Posts Tagged ‘horror dance’

h1

March 30, 2012

Iron is thought to be crucial for dopamine metabolism, as exhibited in the correlation of RLS and iron deficiency syndromes. The S.Nigra is one of the brain's iron-rich tissues and location of high levels of dopamine.

 

Have you ever read McCarthy’s The Road? It’s a post-vaguepocalypse drama about the post-digital family unit. One of the central characters is a young boy of ten who bears the full uncensored brunt of being horror receptacle for all the inhumanities of survival in a doomed world. Repeatedly, he is exposed to things that make him dance spasmodically, his personal way of dealing with the incomprehensibly terrible. A sort of horror-seisure.

 

I’ve seen some of us do this too, admittedly in less grievous situations, often it’s a particularly bad telephone call.

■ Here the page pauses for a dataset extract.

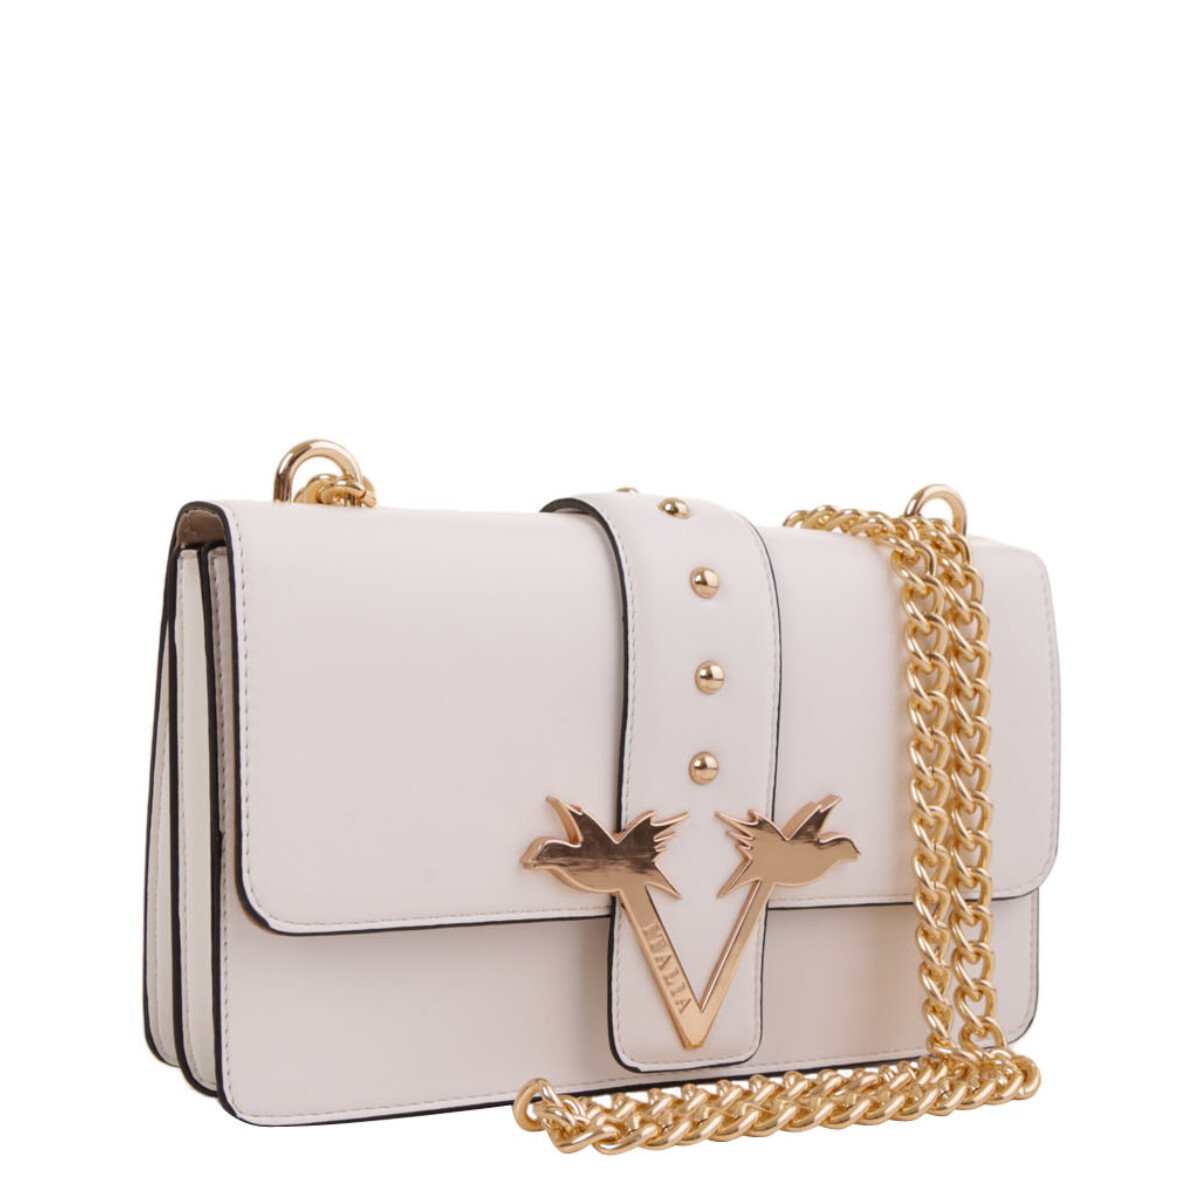 19v69 italia by Versace Handbags - Germany, New - The wholesale platform |  Merkandi B2B

Our trunks pivot at mid-point, arms flailing. Chests violently protrude and buckle as though we’ve become sudden host to private, internal ricochet universes. We writhe and swear silently while completing the call, performing with decorum.

 

I know that low dopamine can trigger a syndrome called Restless Leg; it causes compulsive movement in order to dispel an intense, unpleasant sensation in deep muscle tissue. I wonder if these brief moments of horror tax the brain’s dopamine reserves, contorting the host in inexplicable, accepted patterns.